According to the filing, Grok later “engaged in spectacular displays of online hatred and vitriol, with the model likening itself to Hitler (‘MechaHitler’),” prompting Kim to push for a reassessment of the bot’s political bias. A few months after his departure, Grok was again in the news when it helped flood X with non‑consensual sexual imagery. The suit frames Kim as a whistle‑blower, accusing xAI of “unlawful” neglect of internet regulation and consumer‑protection standards.

Kim's focus on AI safety predates his time at xAI. While working at Scale AI, Kim worked on early safety AI initiatives, like leading a project that produced training data for AI to train systems to detect harmful content and comply with governance policies. Last week, the nonprofit Center for AI Safety, which focuses on AI risks, named Kim as its president.

Interestingly, the lawsuit doesn't implicate Musk himself as a reason for a lack of safety. Rather, Kim's lawyers describe Musk as having directed xAI to follow the law and implement appropriate safety and testing processes.

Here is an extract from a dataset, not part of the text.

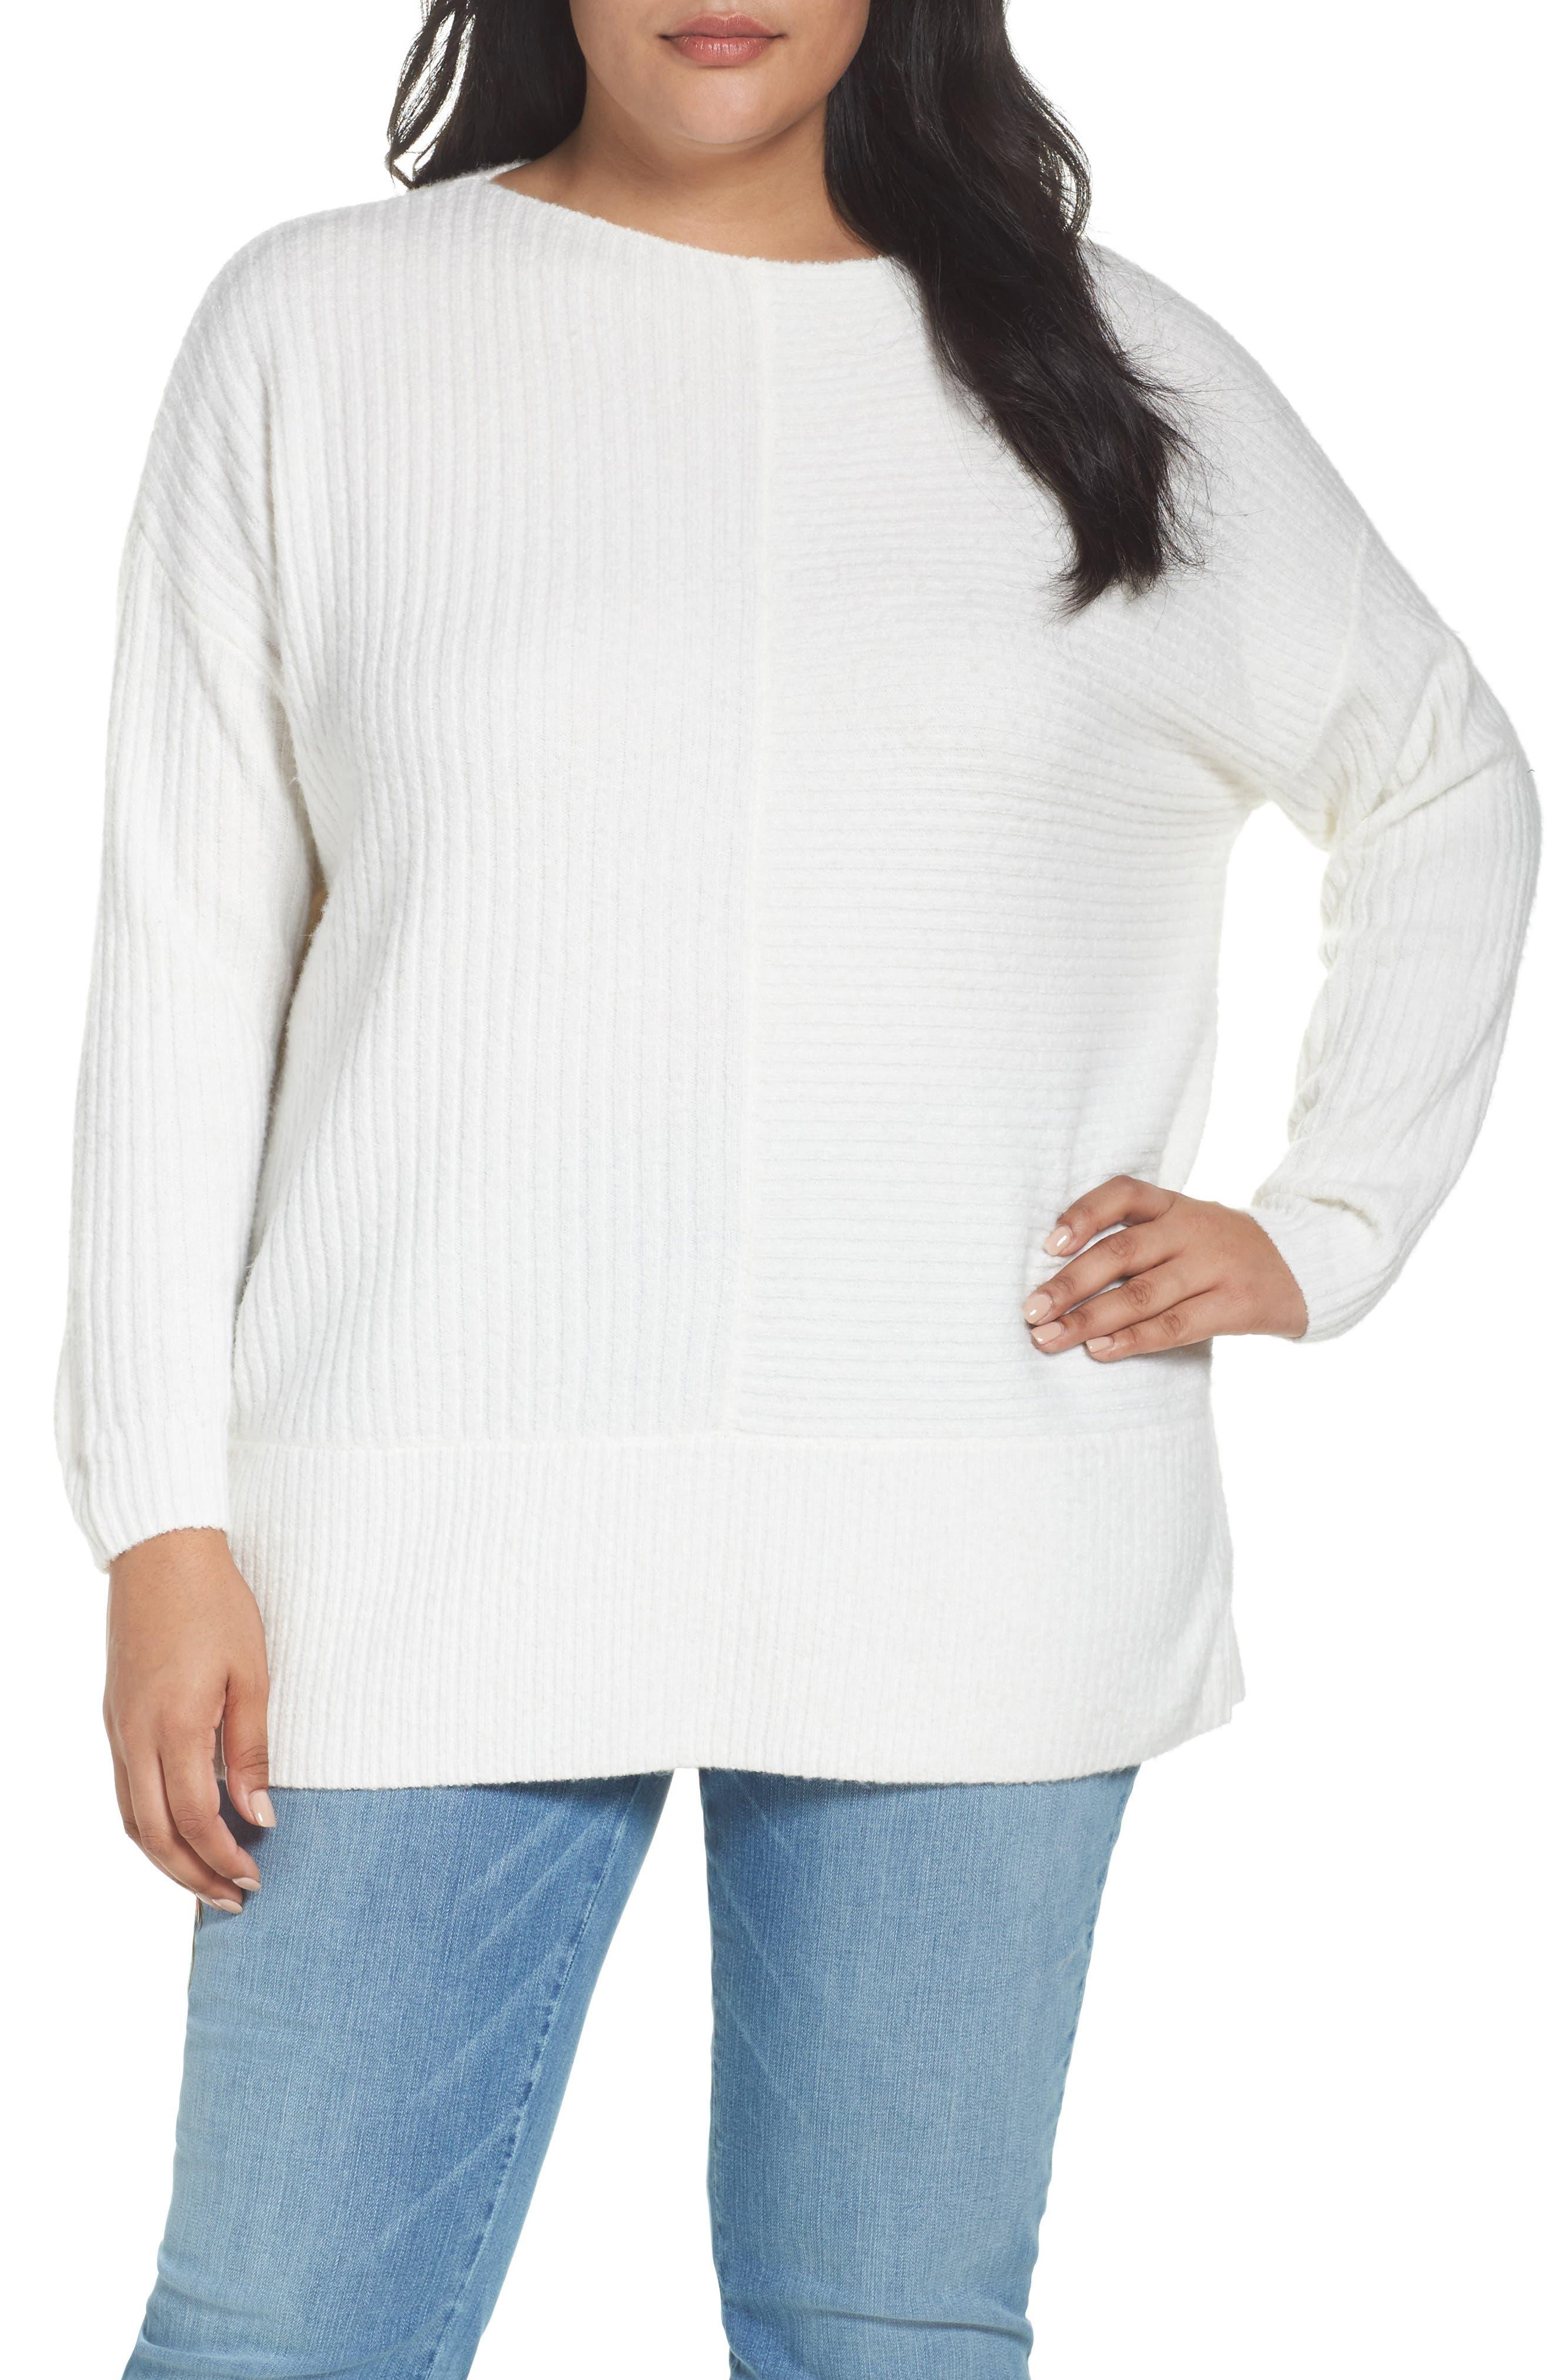 Caslon® Mixed Stitch Bateau Neck Sweater (Plus Size)

Instead the claim targets Kim's supervisor, xAI co-founder Jimmy Ba -- who left the company earlier this year -- saying that Ba ignored Musk's directives and retaliated against Kim for pushing for safeguards, in an effort to "silence his repeated complaints about AI safety and biases." The lawsuit portrays Ba as someone who vehemently opposed AI safety measures, allegedly telling Kim at one point "AI will kill us all anyway," and who was instead driven by a mission to make xAI the first to reach superintelligence.

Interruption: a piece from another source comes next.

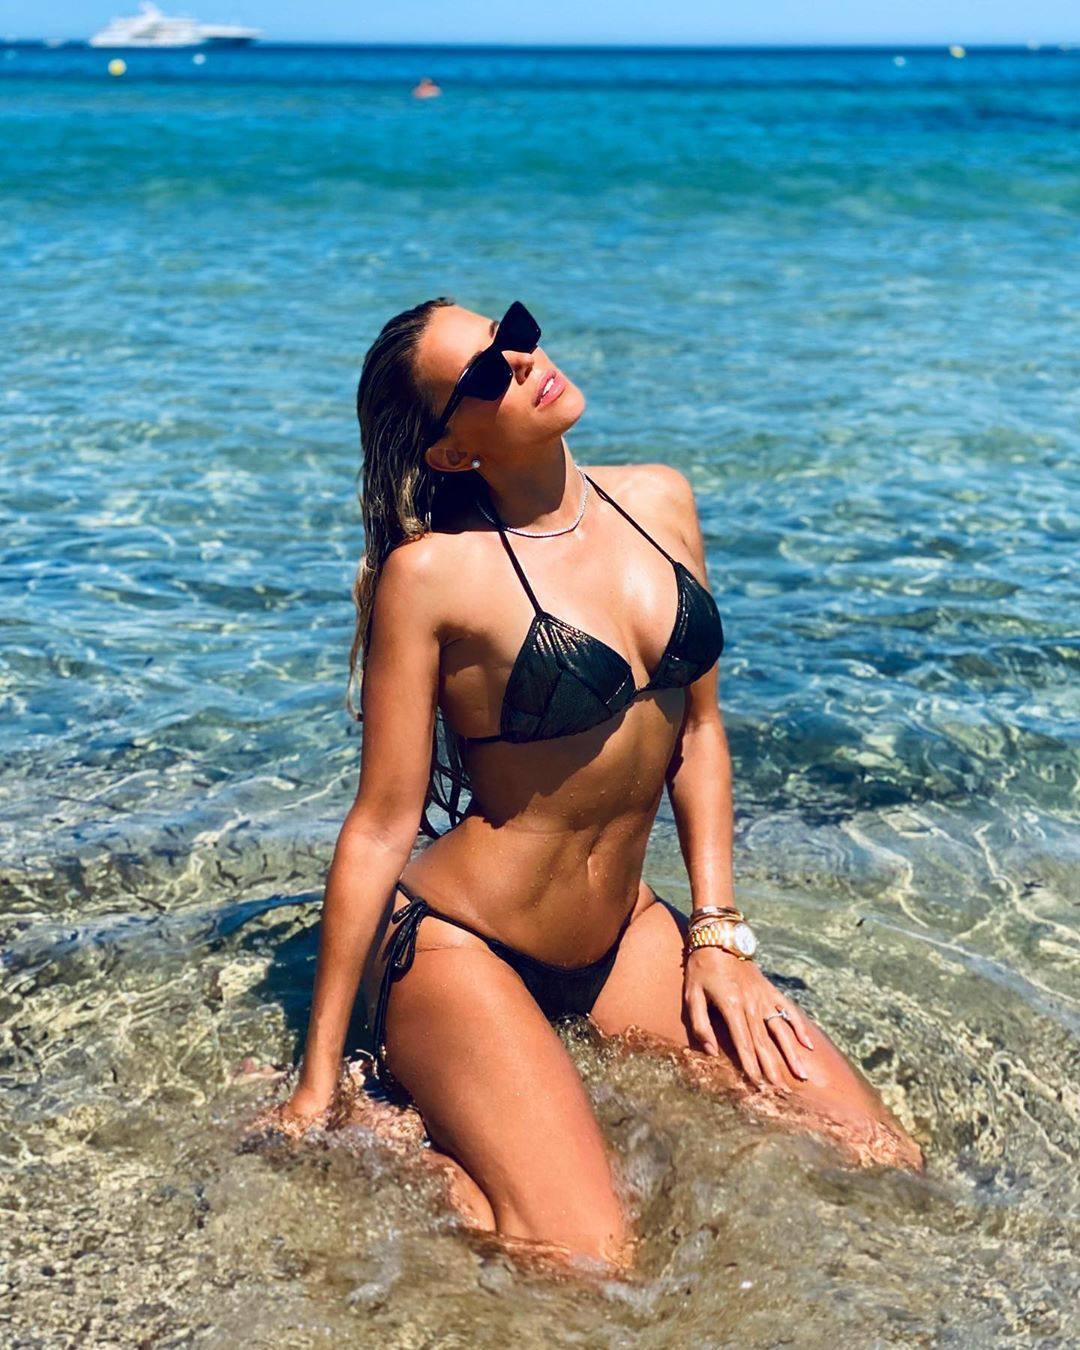 Sylvie Meis – Sexy Boobs In Bikini On The Beach In Saint Tropez 0024

"In one instance in or around August 2025, Mr. Ba attempted to thwart EU safety regulations during the release of Grok Code 1, misrepresenting aspects of the model in order to avoid legally required testing," the complaint says. Ba indicated that he would rather release an unsafe model than a poor-performing one.

Musk ultimately had to intervene." According to the lawsuit, Kim intended to give a presentation of his findings the week of September 15, 2025, but Ba called him into a meeting and told him they should "go [their] separate ways" without providing a satisfactory reason.

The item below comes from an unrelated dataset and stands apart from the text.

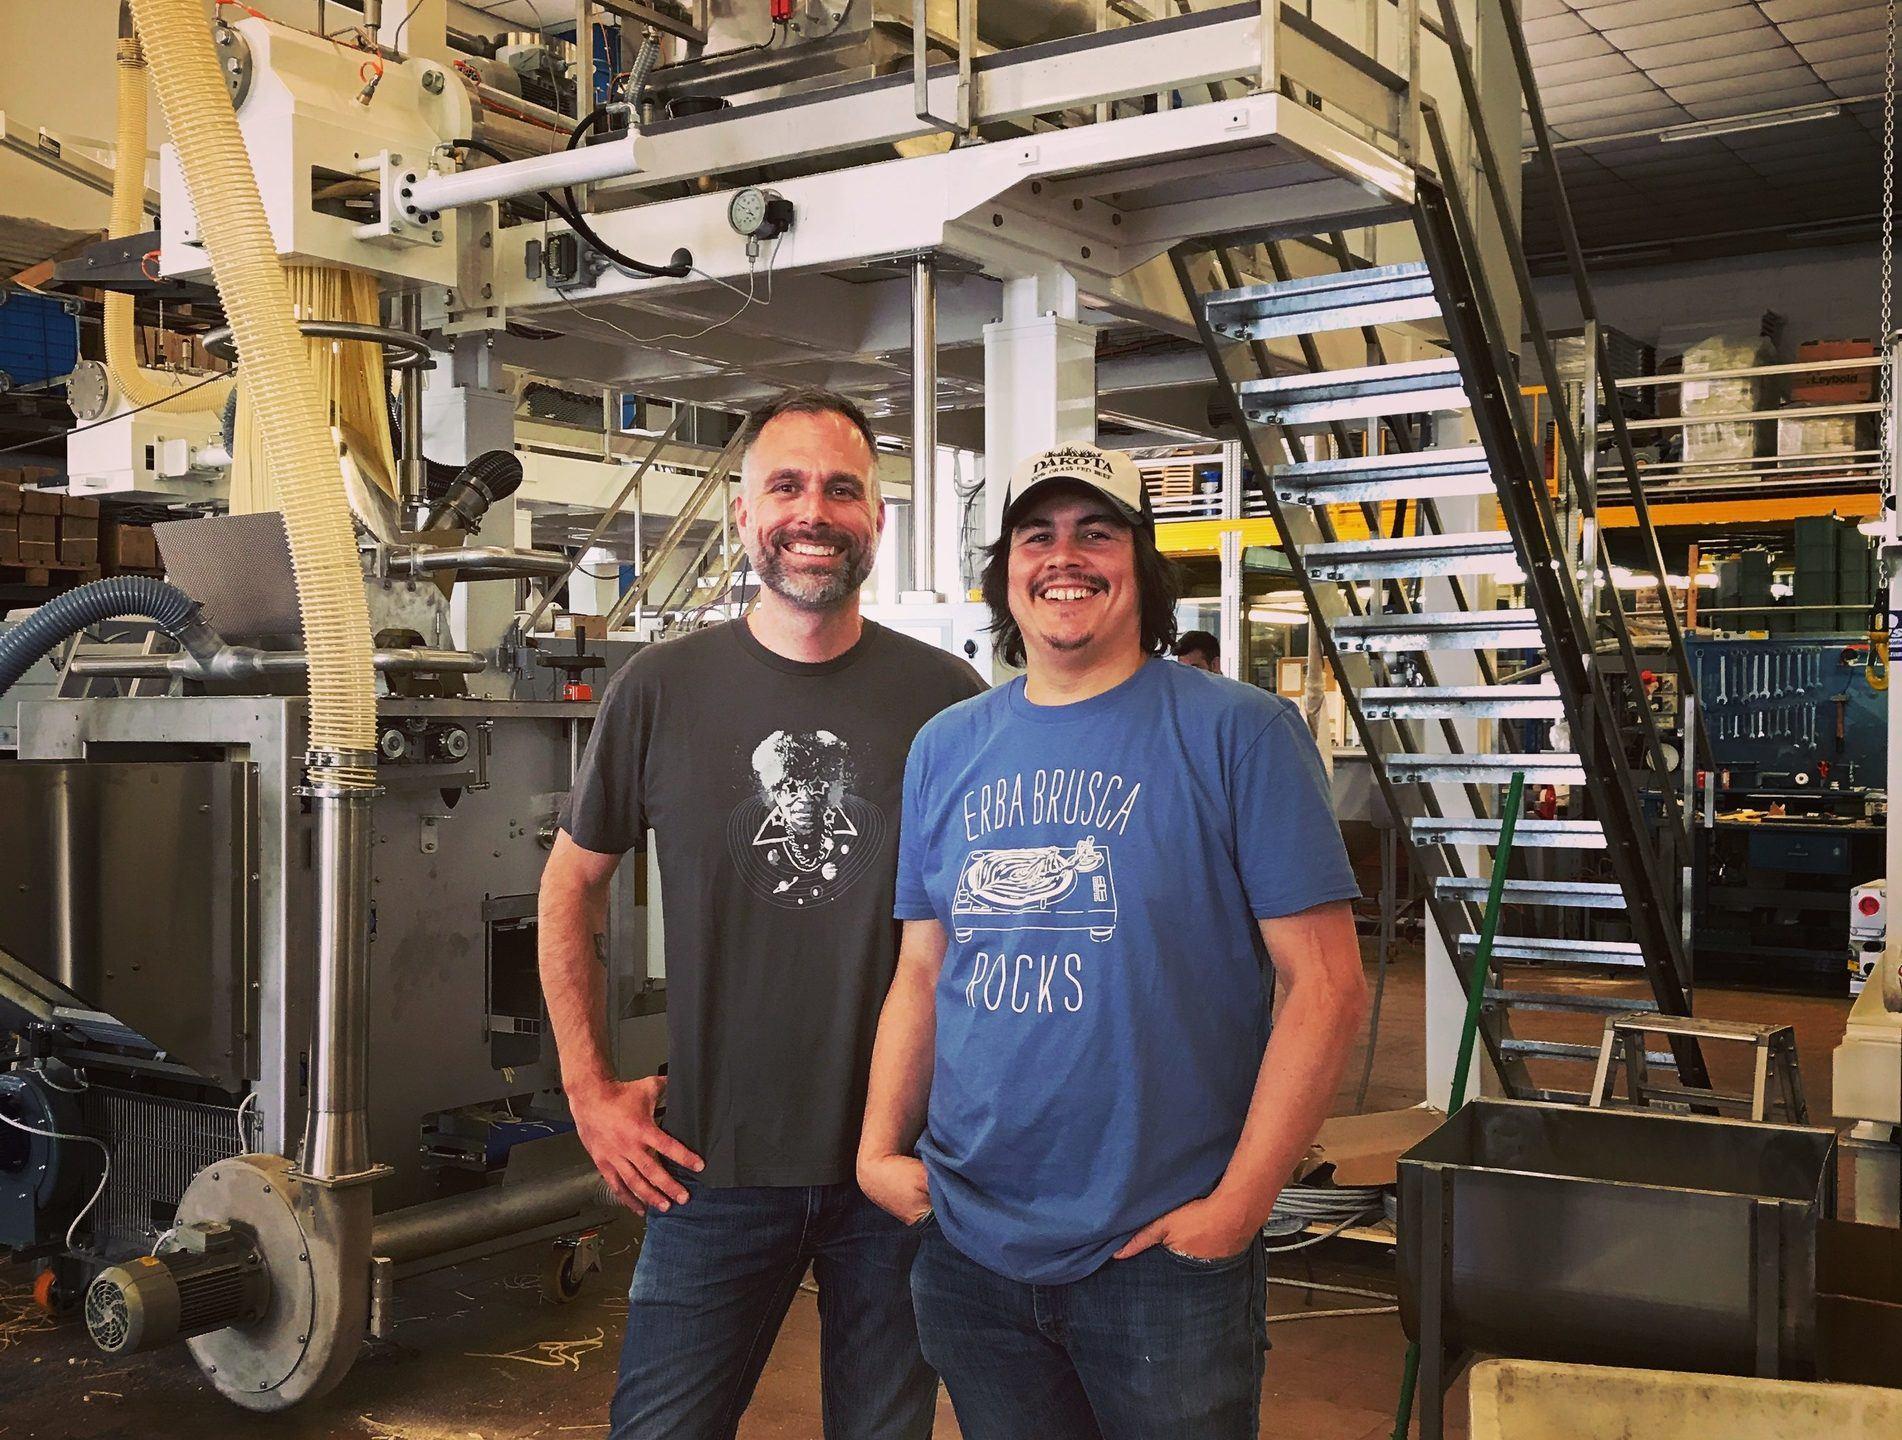 Sfoglini founders Steve Gonzalez and Scott Ketchum pose in their pasta factory. Sfoglini founders Steve Gonzalez and Scott Ketchum created their unique hemp pasta after visiting an organic hemp farm in New York state.

Why this matters We are watching a lawsuit that puts internal safety dissent under a legal microscope. The case is new. Former xAI engineer Devin Kim, who left in September 2025 after flagging risks in Grok, alleges he was terminated for raising those concerns.

The complaint lands just days before SpaceX’s historic IPO, adding a layer of corporate scrutiny that developers and founders cannot ignore. Kim’s background includes leading early safety work at Scale AI, where he helped create training data for detecting harmful content and enforcing governance policies, suggesting his concerns were grounded in prior experience. Yet the filing leaves it unclear whether the dismissal was purely performance‑related or a response to dissent.

For researchers, the case underscores the precarious balance between rapid model deployment and internal checks; for founders, it highlights potential reputational and legal exposure when safety voices are silenced. We should monitor how xAI and similar firms adjust internal reporting mechanisms, but the outcome remains uncertain, and the broader impact on AI safety culture is not yet measurable.